Joan as Police Woman

Real Life

By Troy Johnson

A crossover is neither this nor that. If done well, it's both, adequately wooing two otherwise dissimilar sects of music lovers. Commercially, it can be the golden ticket: one record contract, twice the audience.

Artistically, it can suck major ass. The idea tarnished jazz in the '70s. It castrated country by the early '80s. It resulted in the unwanted deformo-child of rap-rock in the '90s. But there were moments. Namely Bitches Brew and Rage Against the Machine (the absence of a country-pop standout is not unintentional).

New York's Joan Wasser is having a moment.

With Real Life, she's landed somewhere between Norah Jones and Feist. And somewhere, there in the middle, are a few million album sales and a parcel of indie cred. That's not to say this album of ominous indie-jazz feels like a marketing ploy. Whether or not she invented the hybrid, Joan owns it on Real Life--her piano-and-strings ballads are like Nina Simone reincarnated as a Williamsburg scion. Plus, she's too close to Feist to sell a cool mil. Violins are tortured on a few tracks; noise is made for its own sake. The semi-Gregorian moans beneath some songs are too menacing for Wal-Mart shoppers.

No story of Wasser can be told without telling what she lost--namely, her ex-lover Jeff Buckley, who drowned in the selfish waters of the Mississippi. OK, that's that. Maybe the point is that she kept good company. Still does. On Real Life, it's Antony Hegarty, better known as the Boy Georgian voice of Antony & The Johnsons. The androgynous torch singer aptly steps in for an R&B banger called "I Defy," which cryptically expresses the desire to uncover one's true, heretofore hidden, self.
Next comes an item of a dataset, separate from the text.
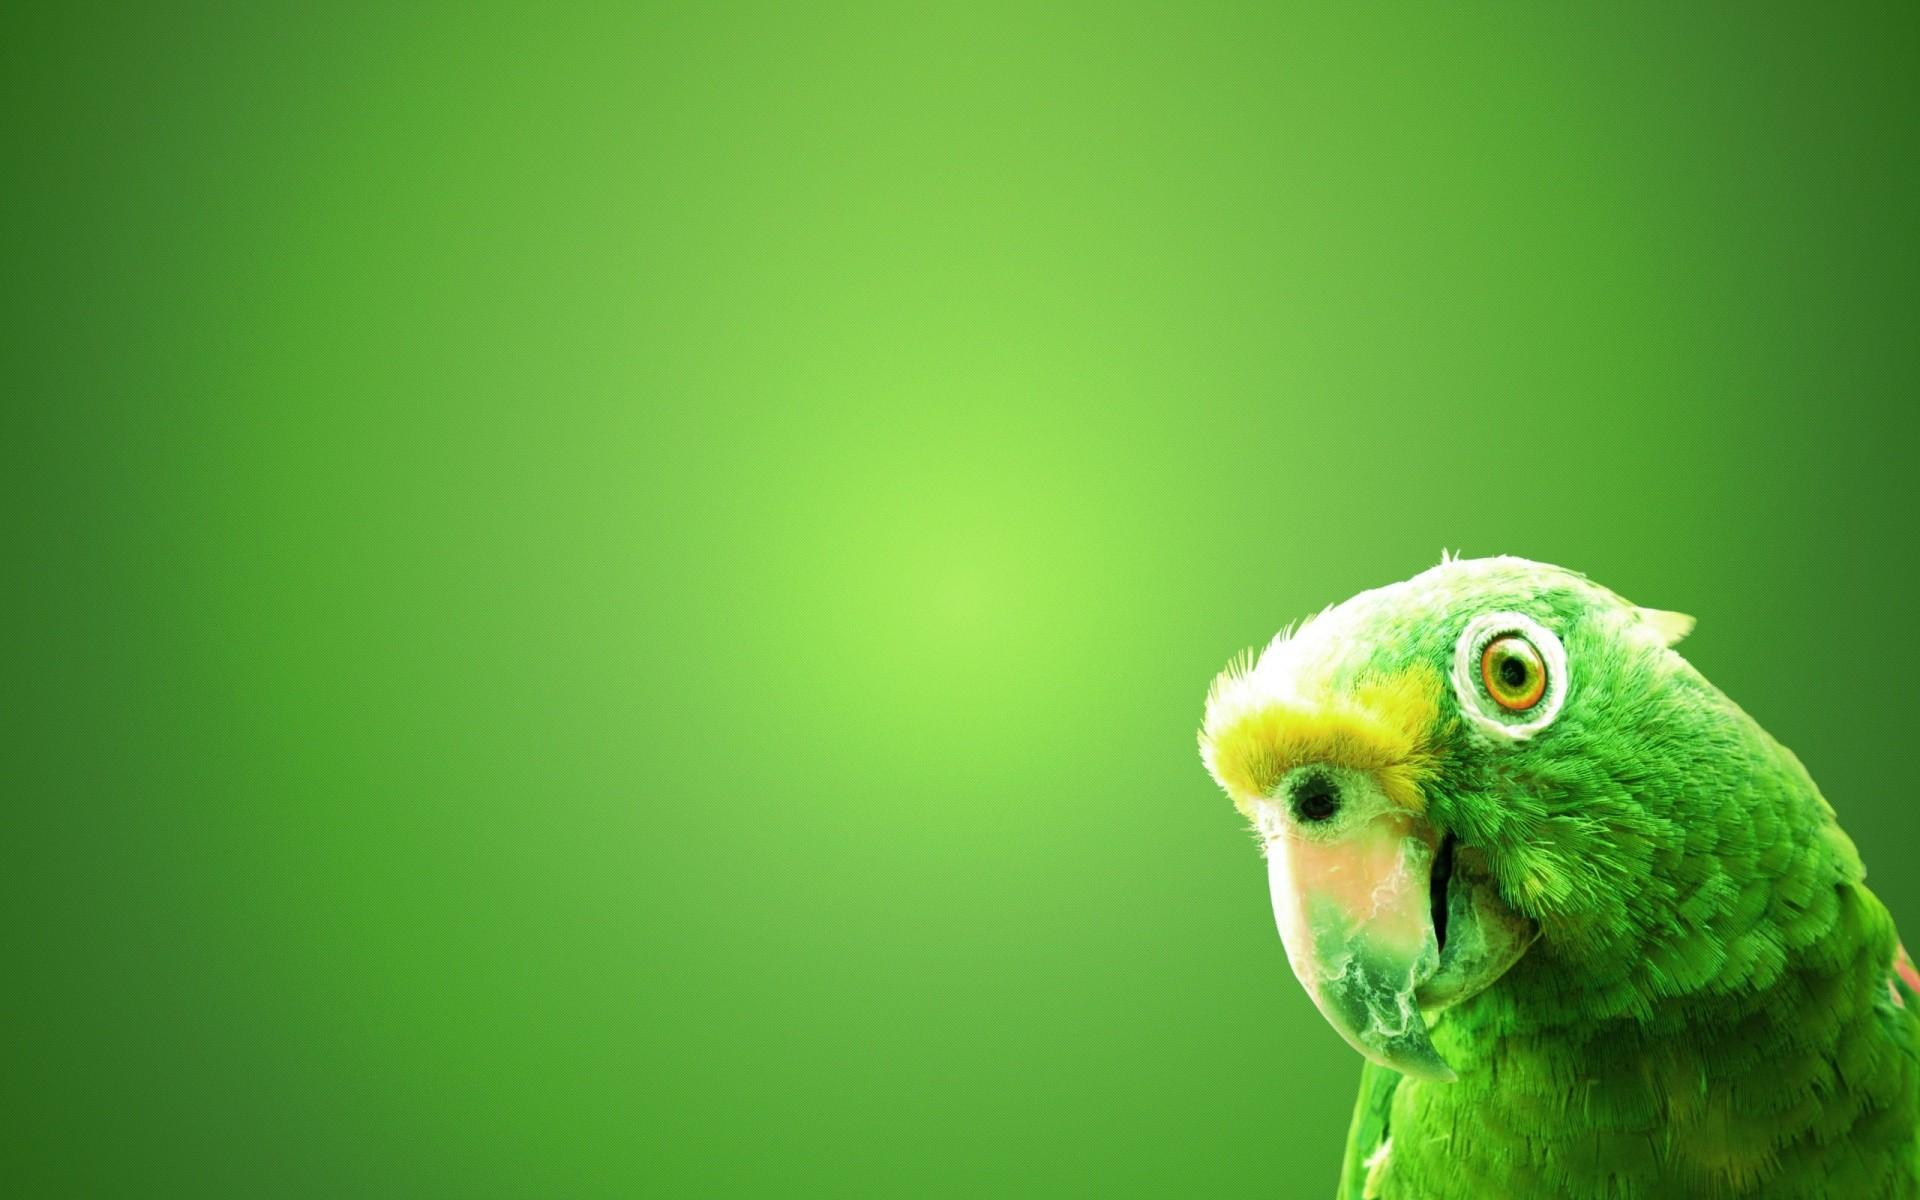 Green Parrots Bird Wallpaper HD Backgrounds Download 4k High 1920x1200

Whether because of Buckley's brutally premature death or a larger sample size of heartache, a lot of Real Life expresses desire while simultaneously cataloguing the potential fallout. Wasser's Real Life is not a terribly happy one. It's one in which she's been burned and is continually anticipating the next blazing bummer. But she wrings a touching sense of survivor's beauty from the psychic charcoal, placing her side-by-side with bruised beauties like Cat Power and Fiona Apple.